İngiltere'nin kuzeyindeki Boroughbridge'de bir gazlı ocak görülüyor
Rusya, doğal gaz akışını keserek AB ve NATO birliğini zayıflatmaya çalıştı. [File: Nigel Roddis/Reuters]

Rusya, Ukrayna’yı işgalinden önce Avrupa’nın başlıca enerji kaynağıydı.

Avrupa Birliği’nin petrol ithalatının yüzde 29’unu ve gaz ithalatının yüzde 43’ünü sağladı. Moskova, AB’ye gaz ihracatını üçte bir oranında artıracak olan ikiz Nordstream 2 boru hatlarını faaliyete geçirmenin eşiğindeydi.

Bu enerji ilişkisi, geçen yıl Şubat ayında Rus birliklerinin Ukrayna’nın doğusundaki Donbass bölgesine girmesiyle birlikte çöktü.

ABD’nin itirazlarına rağmen Nordstream 2 boru hatlarını 15 yıldır besleyen Almanya, bunların ticari kullanım için onay sürecini durdurduğunu açıkladı.

Rusya’nın 24 Şubat 2022’de Ukrayna’yı tam işgalini başlatmasının ardından, Hollandalı petrol devi Shell, Rus gaz tekeli Gazprom ile 3 milyar dolarlık ortak projelerinden çekildiğini ve Gazprom’un sahalarını geliştirme kabiliyetini sekteye uğrattığını söyledi.

Birleşik Krallık petrol devi BP, Rusya’nın devlet petrol devi Rosneft’teki 14 milyar dolarlık hissesinden kendisini kurtaracağını söyledi.

O zamandan beri AB, kömür ve petrol ithalatına yaptırım uygulayarak Rusya’nın savaşının finansmanını kesmeye çalışırken, Rusya da doğal gaz akışını keserek AB ve NATO birliğini zayıflatmaya çalıştı.

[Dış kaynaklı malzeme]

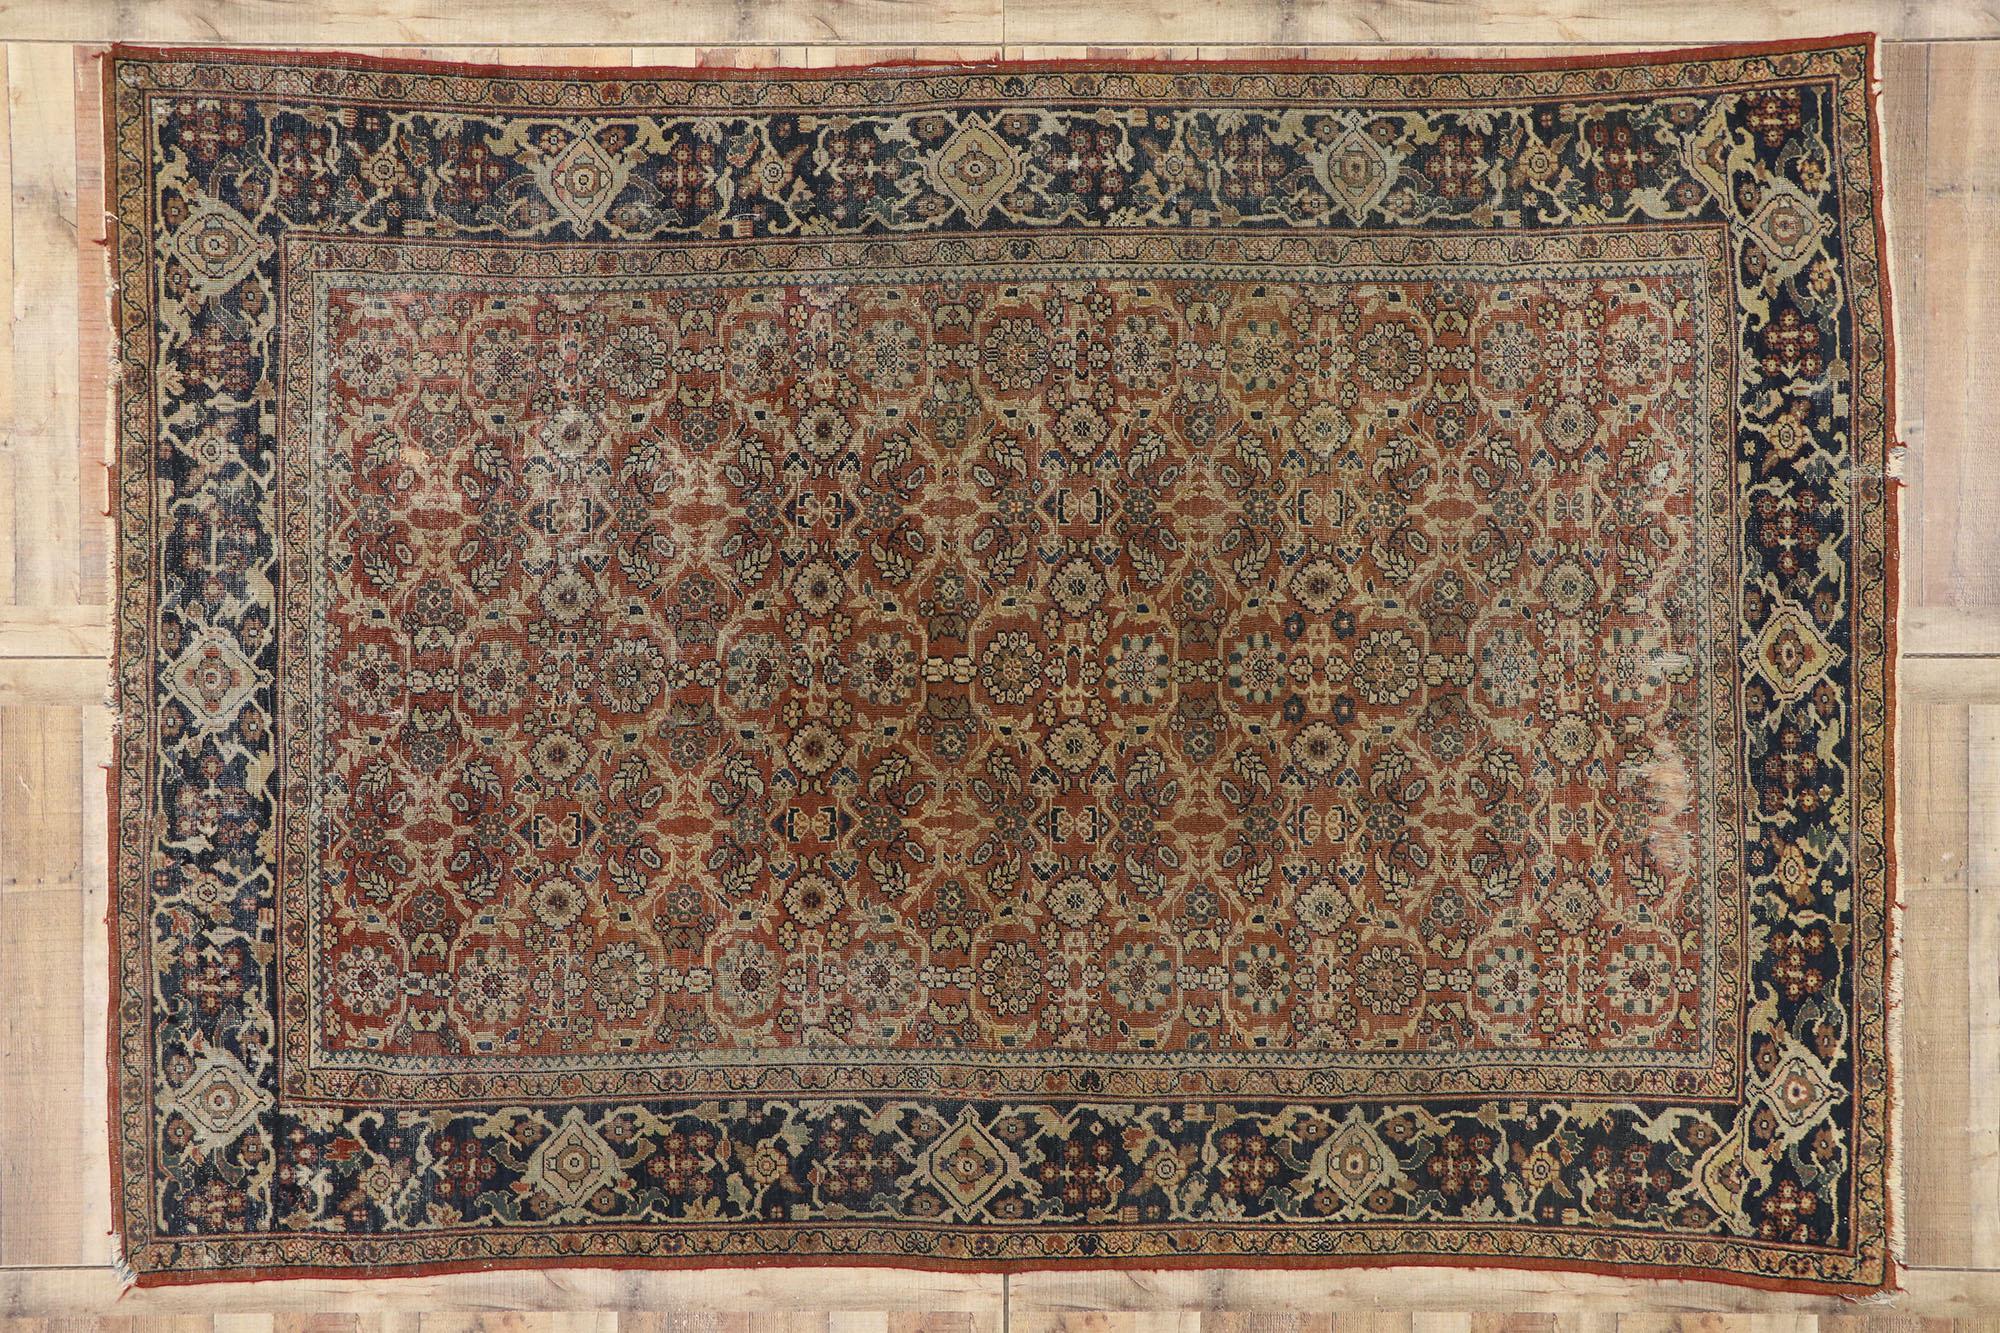 77572 distressed antique Persian Mahal rug with Modern Rustic English style 08'02 x 11'08. With its perfectly worn-in charm and rustic sensibility, this hand knotted wool distressed antique Persian Mahal rug will take on a curated lived-in look that

Ancak Rusya Devlet Başkanı Vladimir Putin’in Avrupa’nın işgaline tepkisini susturmak için kullanacağı enerji kaldıraçları bunun yerine kırıldı.

Yunanistan Dışişleri Bakanı Nikos Dendias, Donbass işgalinin yıldönümünde gazetecilere verdiği demeçte, “Rusya Ukrayna’ya saldırdığında, geçerli bir hipotez, Avrupa’nın … enerji şantajıyla bölüneceğiydi.”

“Bu hipotez tamamen yanlıştı. Dendias, AB’nin yeni bir birleştirici söylem kazandığını ve Ukrayna’ya desteğin istikrarlı, kalıcı ve arttığını söyledi.

Avrupa Komisyonu’nun genişlemeden sorumlu eski genel direktörü ve şu anda Johns Hopkins Üniversitesi’nde Avrupa Kamu Politikası programını yöneten Sir Michael Leigh’e göre, Avrupa Birliği tarafında artık “bağımlılığı büyük ölçüde azaltmak için gerçek bir kararlılık” var. Rus petrol ve gazı.

Leigh Al Jazeera’ya, “Alman ve Avrupa enerji politikasına büyük bir gerçekçilik dozu getirdik ve bu, enerji geçişinde hızlandırıcıya ayak bastı” dedi.

Bu geçiş, son krizlerde yalpalayarak ilerledi. 2020’de, koronavirüs pandemisi durgunluğu sırasında AB, yenilenebilir enerjiyi finanse etmek için 270 milyar avro (287 milyar dolar) topladı.

Rusya’nın işgalinden sonra, toplam nihai enerji tüketiminin yüzde 45’ini yenilenebilir kaynaklardan elde etme hedefi belirleyerek hırsını pekiştirdi. Birkaç AB hükümeti daha da iddialı hedefler belirledi.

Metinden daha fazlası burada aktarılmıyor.